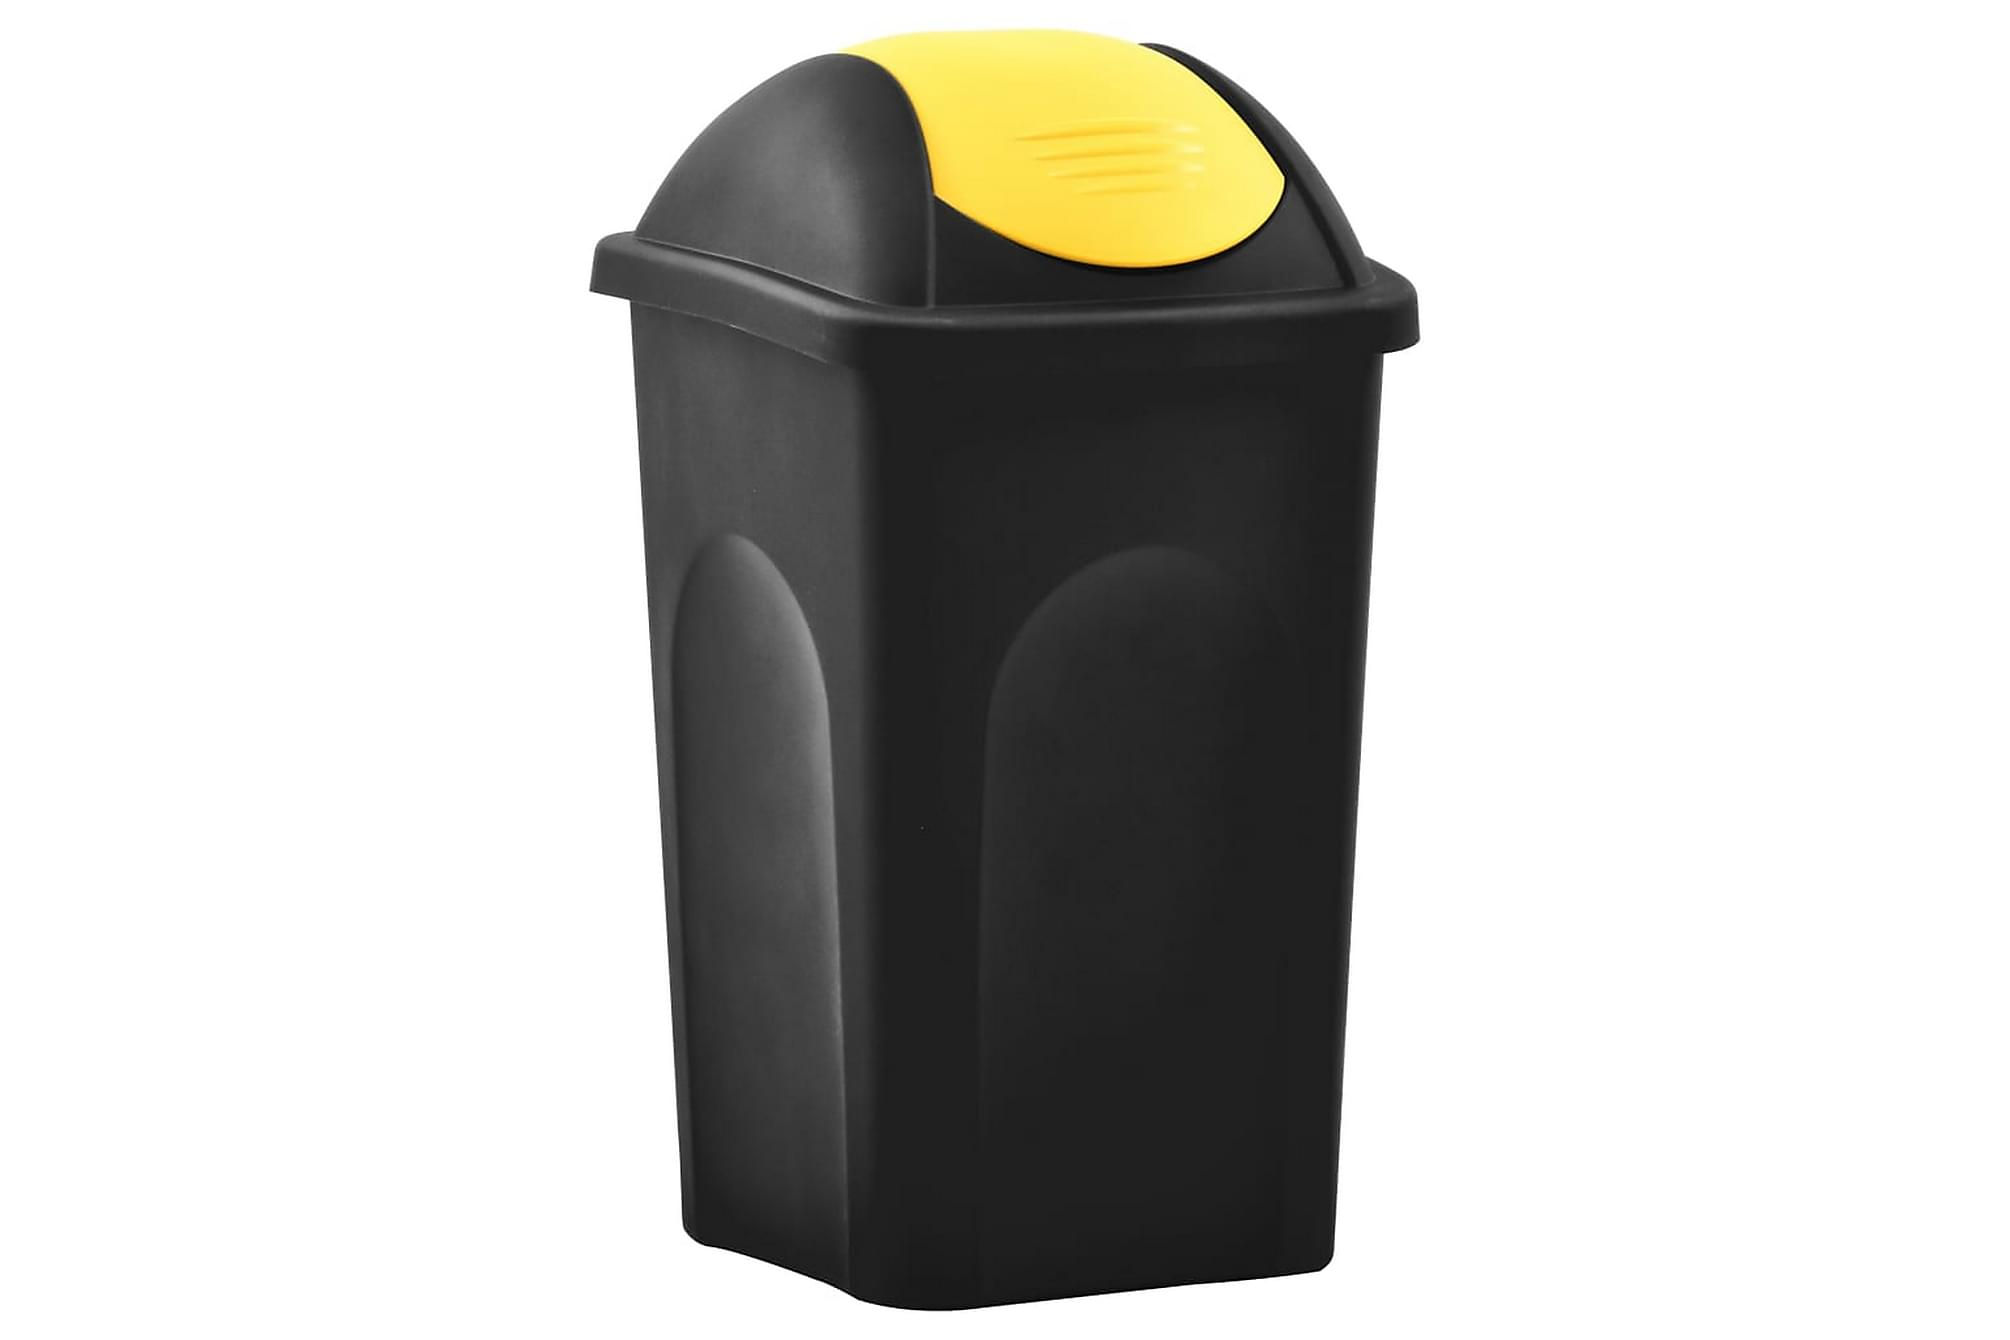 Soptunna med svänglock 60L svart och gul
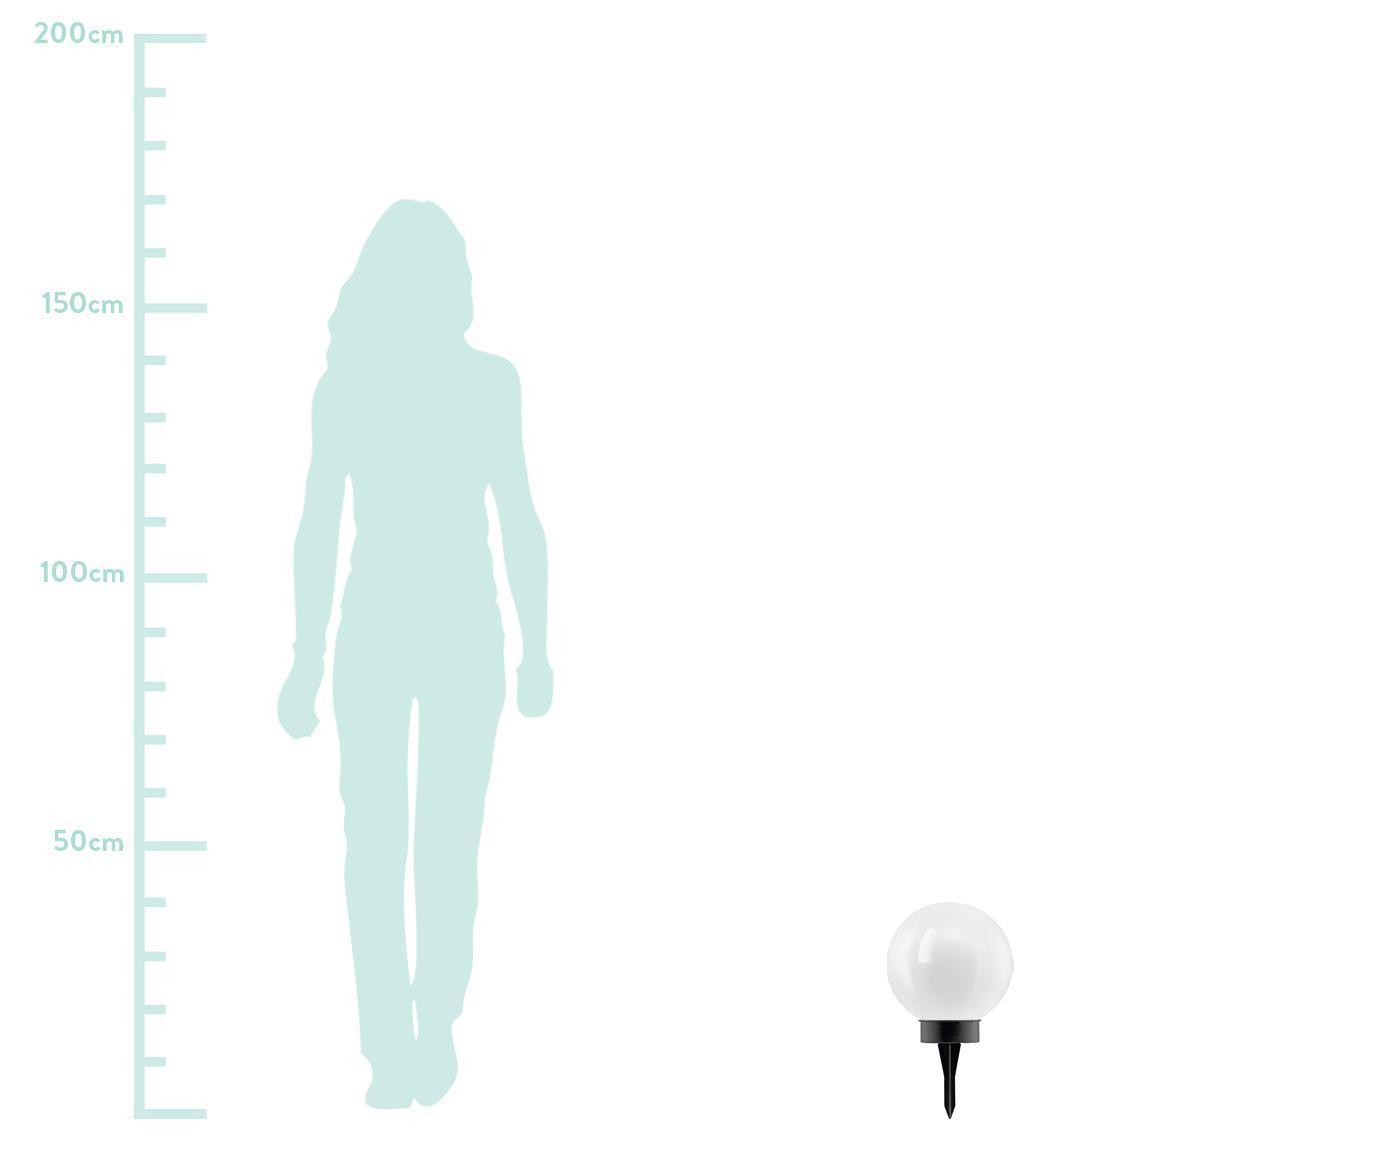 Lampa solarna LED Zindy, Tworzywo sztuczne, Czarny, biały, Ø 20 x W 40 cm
==
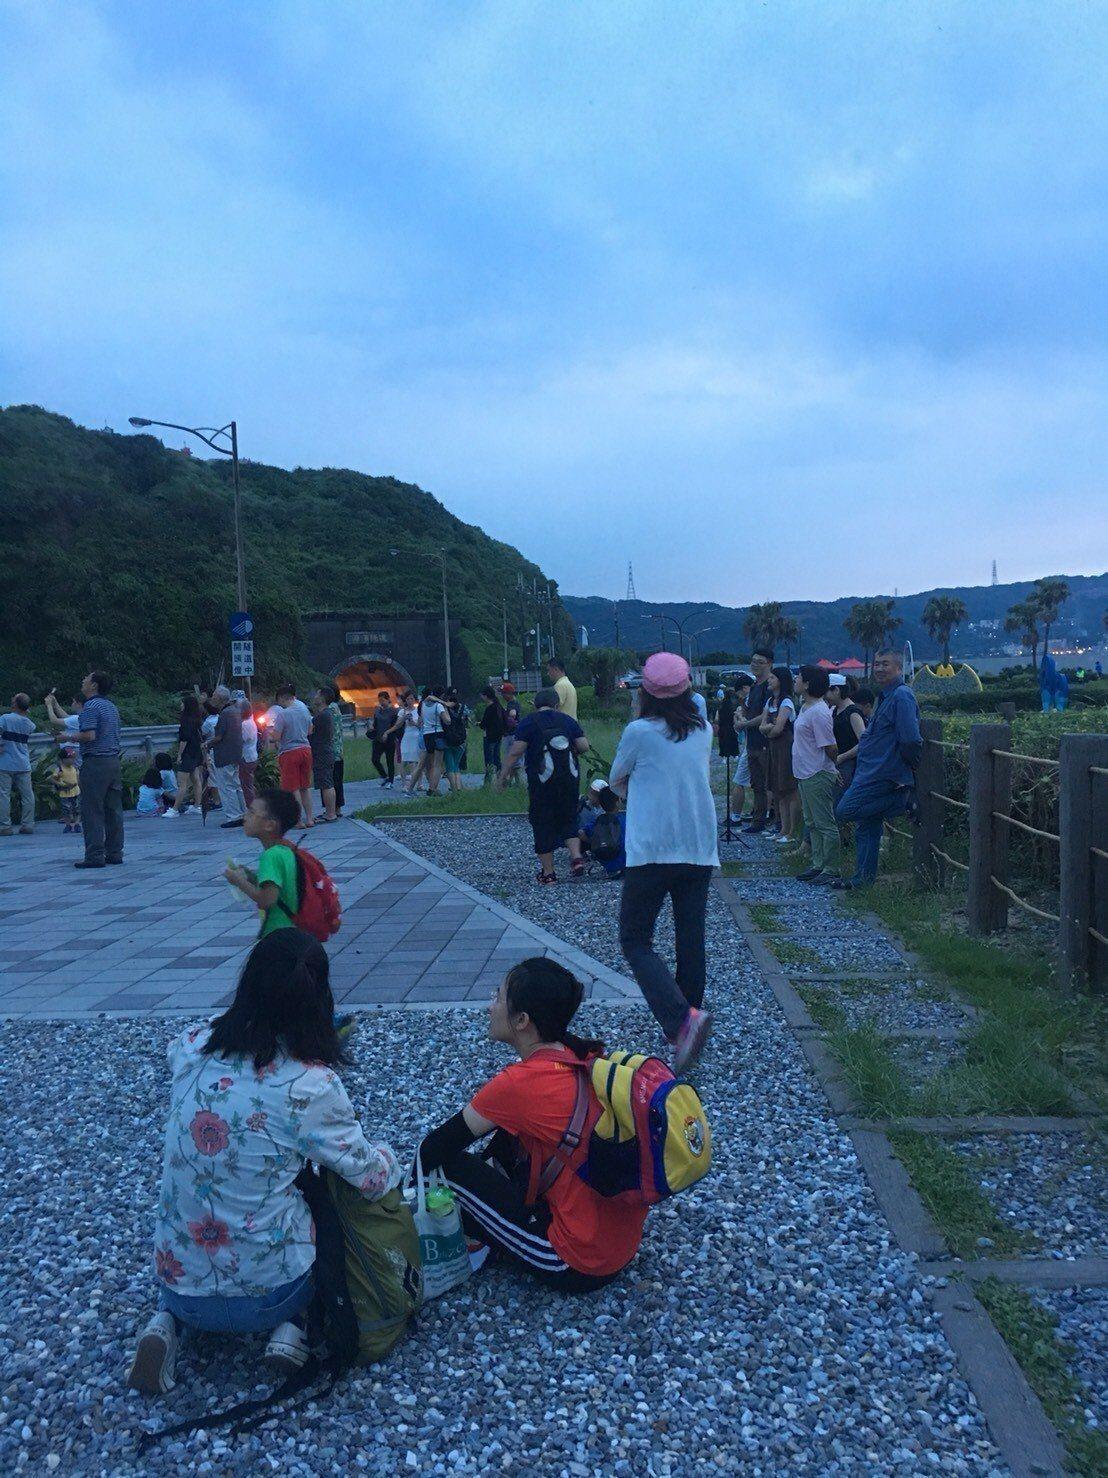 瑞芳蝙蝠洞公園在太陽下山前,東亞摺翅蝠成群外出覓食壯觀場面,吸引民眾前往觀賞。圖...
...
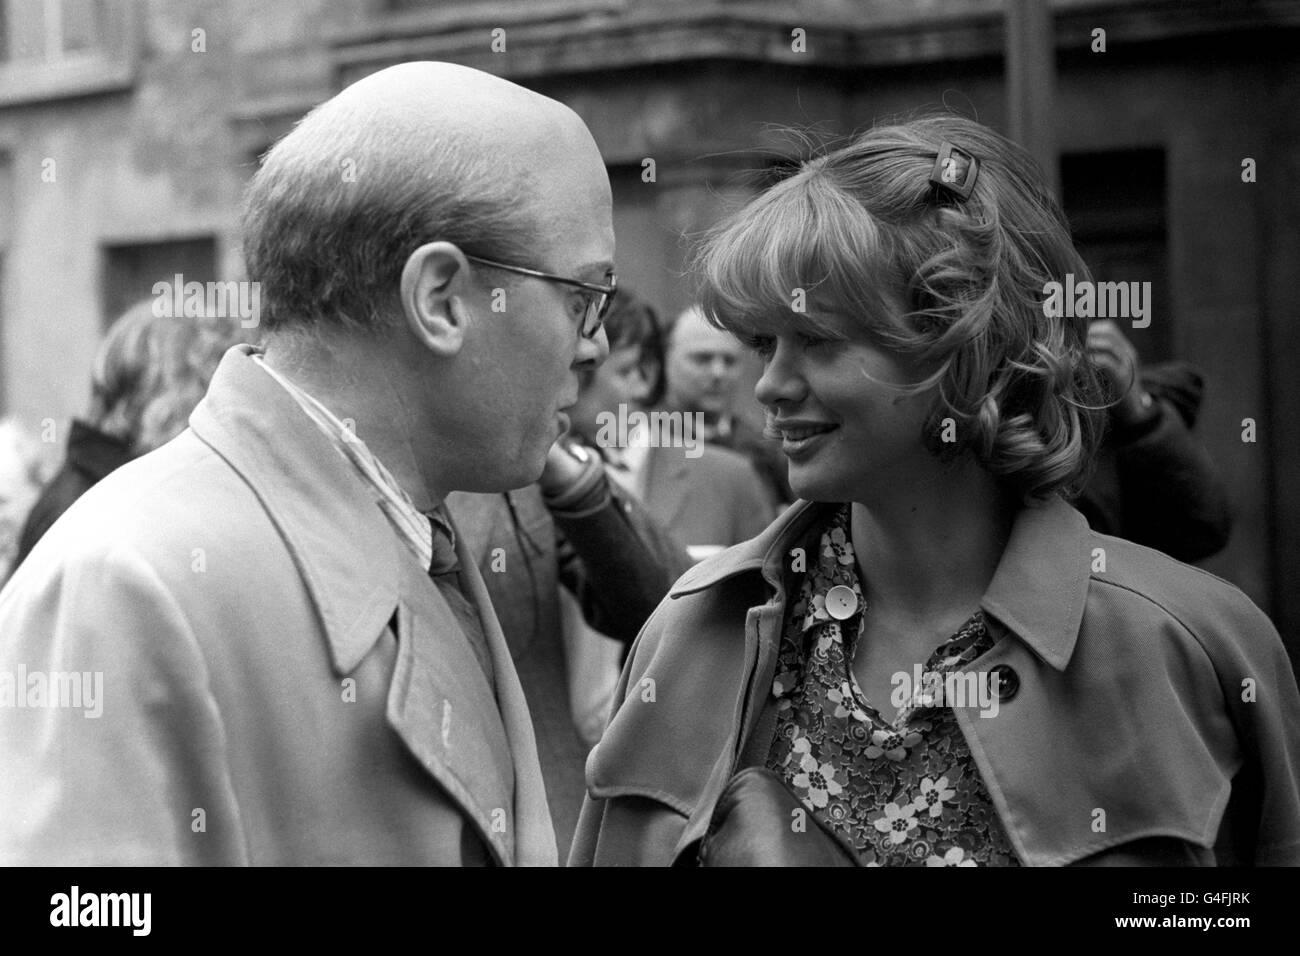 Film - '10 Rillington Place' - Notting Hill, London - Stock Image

- TASK OBJECTIVE:
From the records above, transcribe only the stretch from the line with "Soptunna med svänglock 60L svart och gul" through the line with "Lampa solarna LED", keeping both ends. Omit pictures.

- THE ANSWER:
 Soptunna med svänglock 60L svart och gul
 Lampa solarna LED Zindy, Tworzywo sztuczne, Czarny, biały, Ø 20 x W 40 cm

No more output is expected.